Donnerstag, 24. September 2015

Gartenrundgang im September



Schon wieder ist ein Monat um und immer noch sieht es bei mir im Obstgarten genau gleich aus....








Ein wenig Gelber vielleicht, aber die Erdhaufen liegen noch und auch die Hochbeete sind noch nicht aufgebaut. So viele Ideen (habe ich) und so wenig Zeit (hat mein Mann) dafür. Kennst Du das ?
Wahrscheinlich ist der Satz von mir: "Schaaatz, ich han no en Idee gha" - inzwischen ein rotes Tuch für ihn *hihi
















Ich versuche wirklich so viel wie möglich selbst zu machen. Ich kann inzwischen sogar schon den Draht für den Mähroboter (Er heisst Mister Mow) selbst verlegen und verlöten - stell Dir vor *lach.  Na ja wir sprechen lieber nicht über die Brandblasen an meinen Fingern. Schlussendlich habe ich eine Methode gefunden wie diese verflixten Drähte zusammenbleiben, während ich das Lötzinn darüber schmelze. Jetzt muss ich seine Mäh-App dazu noch zum Funktionieren bringen, dann würde er sogar automatisch loslegen. Bisher gehe ich halt noch raus und drücke das Knöpfli direkt an Mr Mow. Vielleicht braucht ein bisschen Aufmerksamkeit, wer weiss ?. 

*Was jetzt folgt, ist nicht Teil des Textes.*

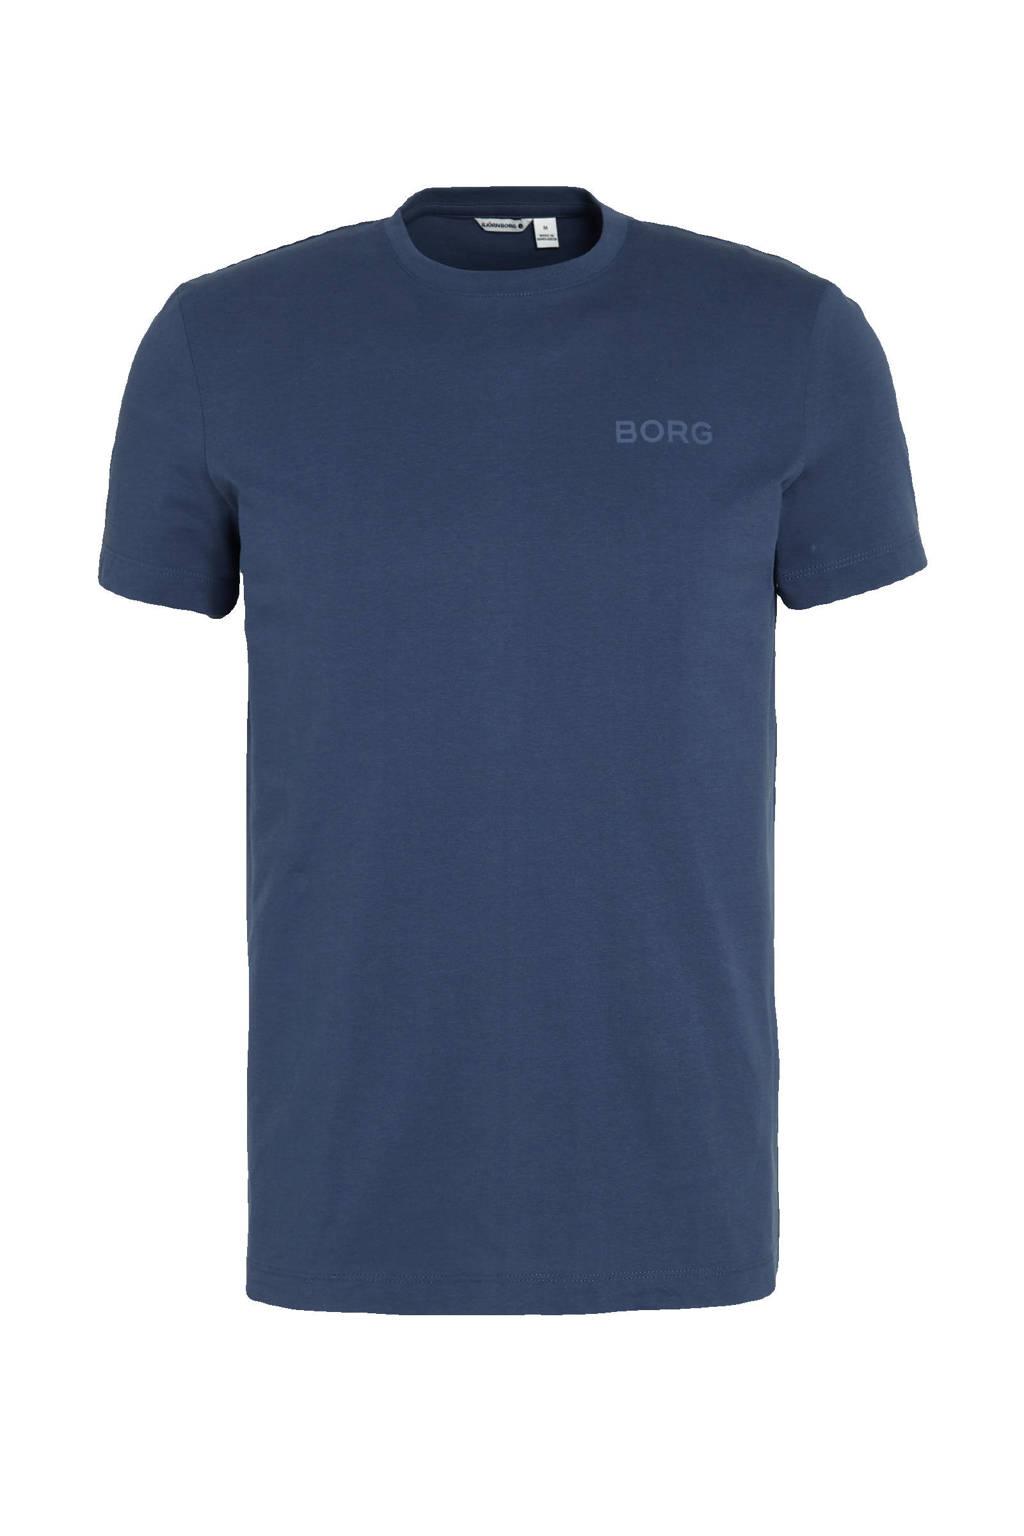 Björn Borg   sport T-shirt donkerblauw, Donkerblauw

Aber es gibt Arbeiten, die kann ich (aus Kraftgründen oder weil jemand zweiter Teile halten soll) nicht alleine machen kann und dann, ja dann muss ich eben auf meinen Liebsten und freie Termine in seinem Arbeitsplan warten. Das ist nicht so einfach, so dass ich dazu übergegangen bin ihm seine freien Samstage mit Gartenarbeiten via Outlook zuzubuchen *ähm na ja, er hat auch entsprechend reagiert.

Wie auch immer, meine Hochbeete stehen noch beim Händler, die Erdhaufen liegen noch, die Kürbisse habe ich alle geerntet und verwende sie momentan als Dekoration vor dem Hintereingang. Hier auf dem Land benutzt glaube ich jeder den Hintereingang, eigentlich muss ich vorne gar nicht mehr dekorieren - da kommt ja eh nur der Postbote.







Über so ein Paket habe ich mich auch sehr aufgeregt: Ich habe Blumenzwiebeln bestellt, bei einer .ch Adresse im Web. Als das Paket kam, hatten die es von Ihrem Werk direkt in Holland geliefert und somit stehe ich da mit fast nochmals so viel Zollgebühren wie die Zwiebeln gekostet haben. 
Pass auf was Du wo bestellst und schau immer zuerst noch die genauen Liefergebühren an. Ich dachte wenn da .ch steht bin ich auf der guten Seite aber danach (als ich mich beschweren wollte) habe ich in den AGB nachgelesen und da stehts: Lieferungen in die Schweiz können Mehrkosten verursachen, blabla - So ein Sch...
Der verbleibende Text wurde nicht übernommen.